3.高效性。Hadoop能够在节点之间动态地移动数据,并保证各个节点的动态平衡,因此处理速度非常快。
4.高容错性。Hadoop能够自动保存数据的多个副本,并且能够自动将失败的任务重新分配。
5.低成本。与一体机、商用数据仓库以及QlikView、Yonghong Z-Suite等数据集市相比,hadoop是开源的,项目的软件成本因此会大大降低。
架构核心
Hadoop 由许多元素构成。其最底部是 Hadoop Distributed File System(HDFS),它存储 Hadoop 集群中所有存储节点上的文件。HDFS的上一层是MapReduce 引擎,通过对Hadoop分布式计算平台最核心的分布式文件系统HDFS、MapReduce处理过程,以及数据仓库工具Hive和分布式数据库Hbase的介绍,基本涵盖了Hadoop分布式平台的所有技术核心。
HDFS:
对外部客户机而言,HDFS就像一个传统的分级文件系统。可以创建、删除、移动或重命名文件,等等。这些节点包括 NameNode,它在 HDFS 内部提供元数据服务;DataNode,它为 HDFS 提供存储块。存储在 HDFS 中的文件被分成块,然后将这些块复制到多个计算机中。
NameNode:
NameNode 是一个通常在 HDFS 实例中的机器上运行的软件。它负责管理文件系统名称空间和控制外部客户机的访问。
DataNode:
DataNode 也是一个通常在 HDFS实例中的单独机器上运行的软件,DataNode 响应来自 HDFS 客户机的读写请求。它们还响应来自 NameNode 的创建、删除和复制块的命令。
集群部署
1.环境准备
192.168.249.227 node-1
192.168.249.228 node-2
192.168.249.229 node-3
192.168.249.230 node-4
关闭防火墙和selinux
2.本地解析(每台服务器都操作)
[root@node-1 ~]# vi /etc/hosts
192.168.249.227 node-1
192.168.249.228 node-2
192.168.249.229 node-3
192.168.249.230 node-4
3.安装jdk环境(每台服务器都操作)
上传jdk包并解压
[root@node-1 ~]# tar xf jdk-8u211-linux-x64.tar.gz -C /usr/local/
修改文件名
[root@node-1 ~]# mv /usr/local/jdk1.8.0_211/ /usr/java
添加环境变量
[root@node-1 ~]# vi /etc/profile
JAVA_HOME=/usr/java
PATH=$JAVA_HOME/bin:$PATH
export JAVA_HOME PATH
使环境变量生效
[root@node-1 ~]# source /etc/profile
检查环境版本
[root@node-1 ~]# java -version
java version "1.8.0_211"
Java(TM) SE Runtime Environment (build 1.8.0_211-b12)

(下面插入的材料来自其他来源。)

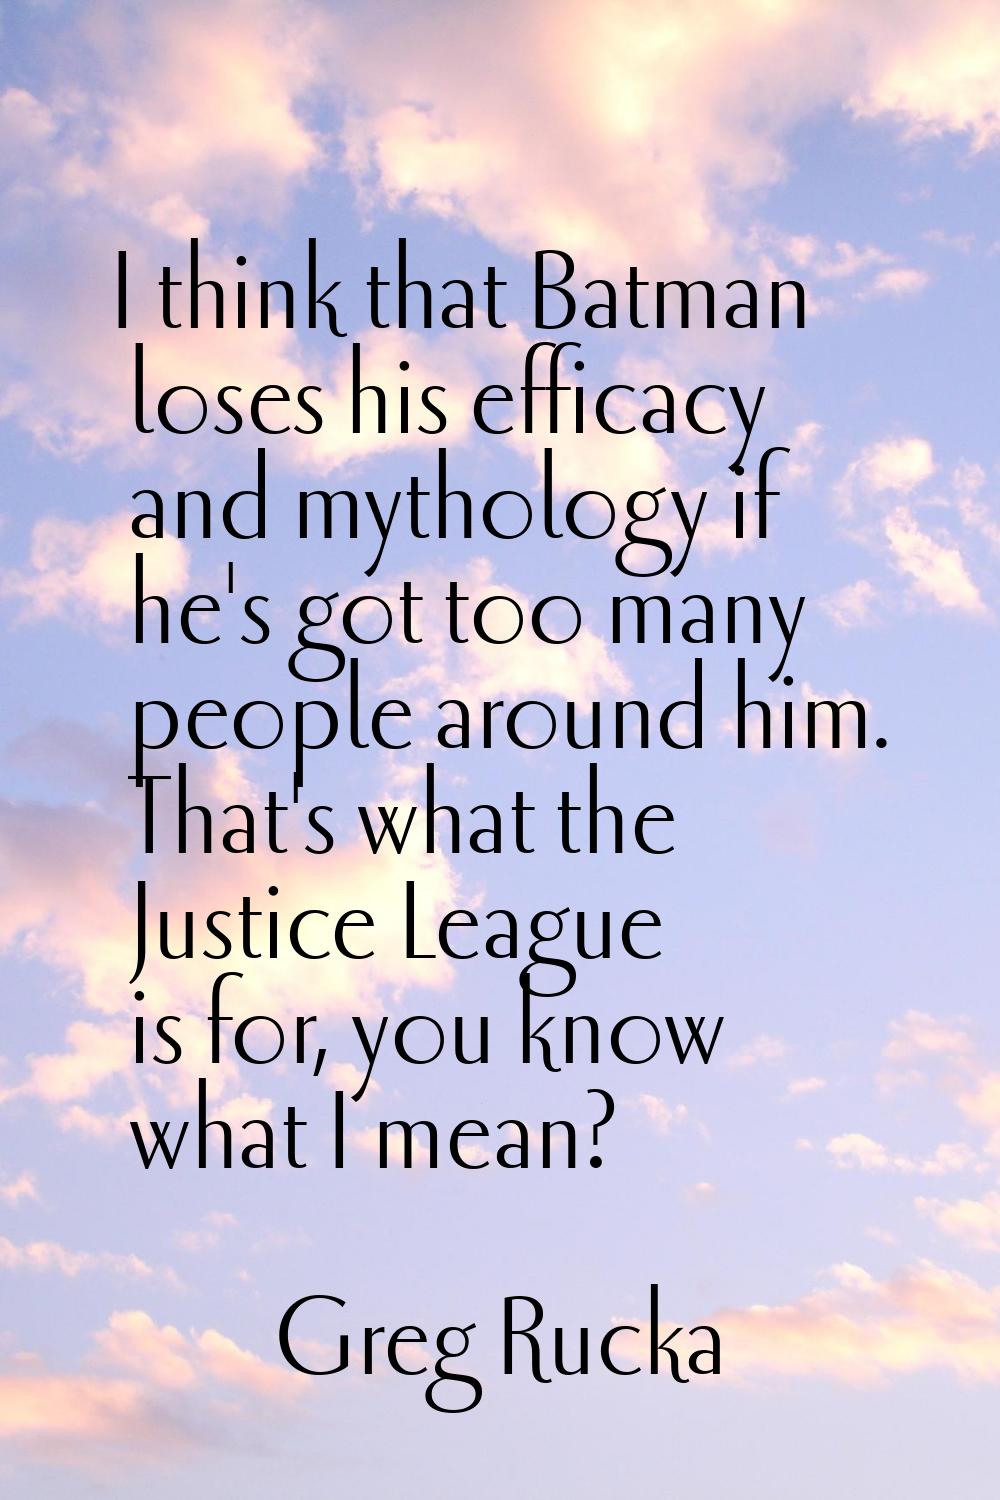 I think that Batman loses his efficacy and mythology if he's got too many people around him. That's

Java HotSpot(TM) 64-Bit Server VM (build 25.211-b12, mixed mode)
4.免密登录(每台服务器都操作)
[root@node-1 ~]# ssh-keygen 执行这条命令一路回车到最后
[root@node-1 ~]# ssh-copy-id -i node-1
[root@node-1 ~]# ssh-copy-id -i node-2
[root@node-1 ~]# ssh-copy-id -i node-3
[root@node-1 ~]# ssh-copy-id -i node-4
5.下载hadoop(每台服务器都操作)
下载hadoop并上传到服务器并解压
[root@node-1 ~]# tar xf hadoop-3.3.0.tar.gz -C /opt/
[root@node-1 ~]# mv /opt/hadoop-3.3.0/ /opt/hadoop
6.添加环境变量(每台服务器都操作)
[root@node-1 ~]# vi ~/.bash_profile (找到后添加红色部分)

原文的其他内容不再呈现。